Two regrets, one goal: control portfolio regret (betting well) and allocation regret (choosing well) to achieve oracle-like performance.
SPRUCE is a modified UCB: it constructs confidence bounds on unobservable expected log-increments using empirical maxima plus regret-based bonuses.

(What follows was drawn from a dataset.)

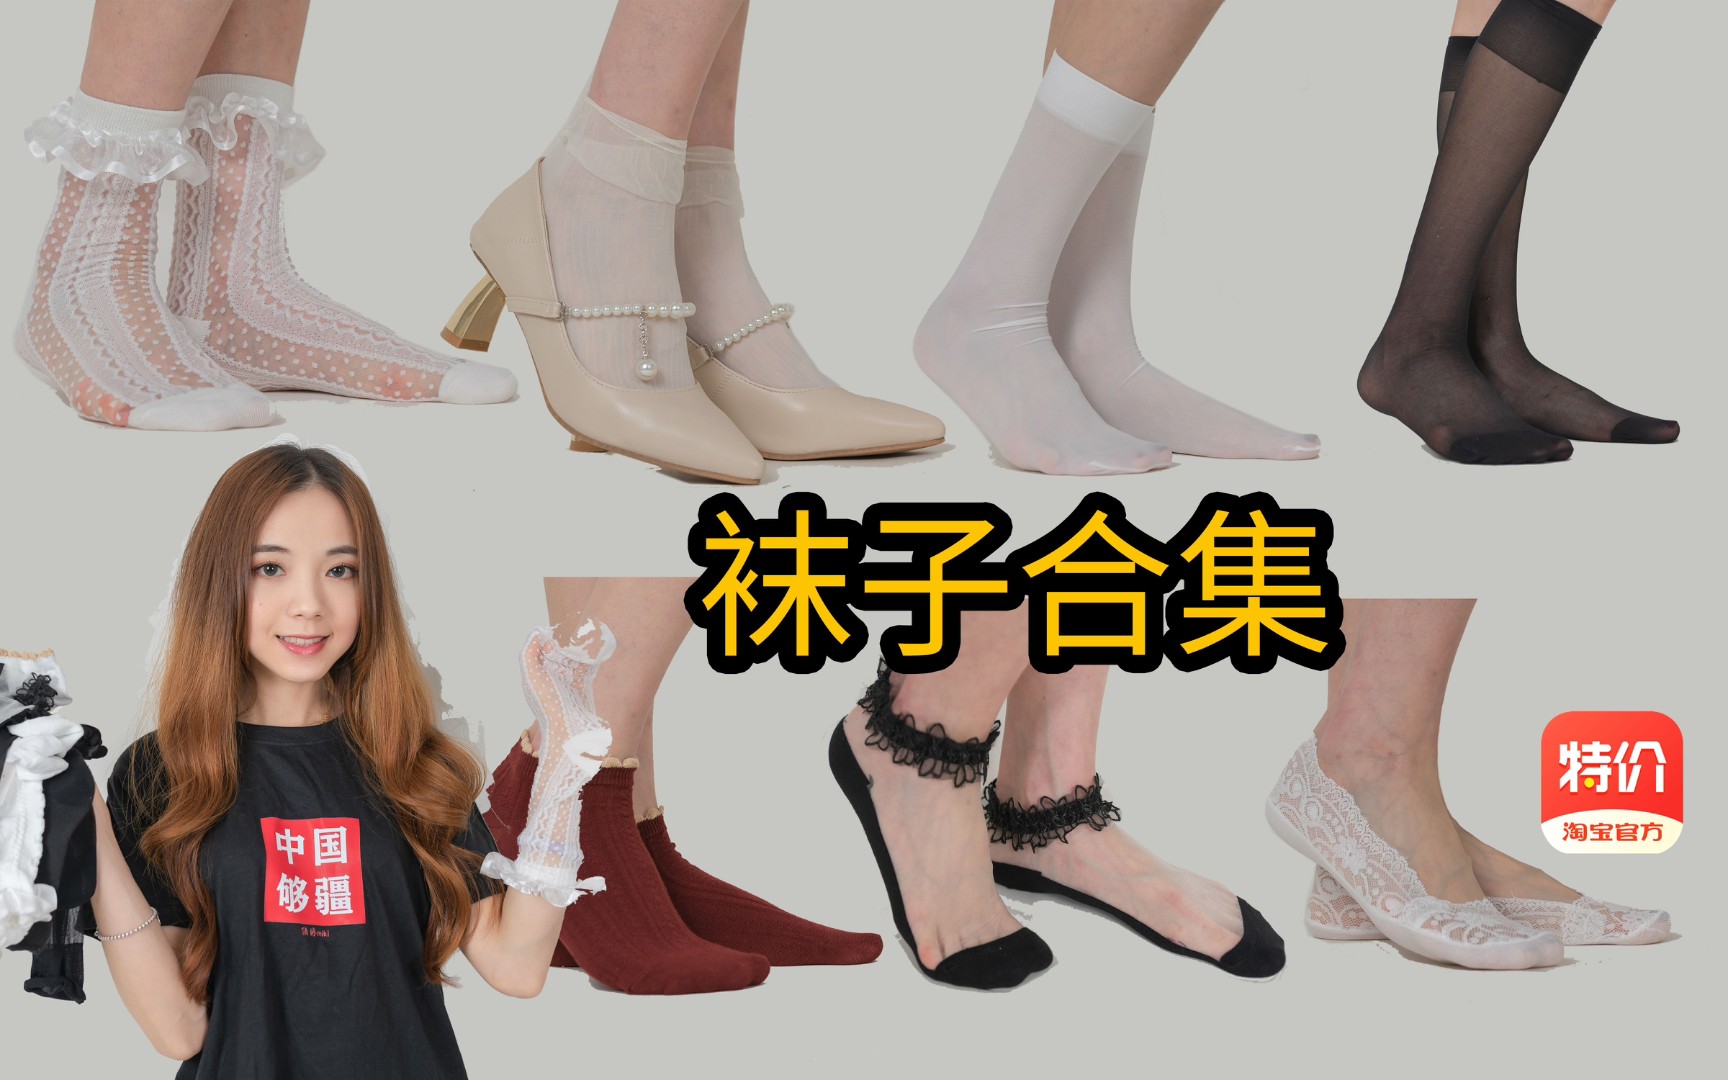 【袜子合集】丝袜 船袜 棉袜 搭配高跟鞋和JK鞋 性感和可爱 哪个你更爱？

Two constructions: $W^{\text{UP}}$ (universal portfolio, a test supermartingale) and $W^{\text{CO96}}$ (regret-based lower bound, an e-process) — the latter is computationally cheaper.
The result is tight: no process, even with full history access, can grow faster asymptotically.
The concentration inequality (Lemma 3.8) is the technical engine — it may be of independent interest for other problems involving Kelly-optimal wealth growth.

References

Sandoval, Waudby-Smith, and Jordan (2026). Multi-Armed Sequential Hypothesis Testing by Betting.
Cover and Ordentlich (1996). Universal portfolios with side information.
Orabona and Jun (2022). Sharp confidence sequences via regret bounds.
Waudby-Smith et al. (2025). Log-optimality of e-processes.
Auer, Cesa-Bianchi, and Fischer (2002). Finite-time analysis of the multiarmed bandit problem (UCB).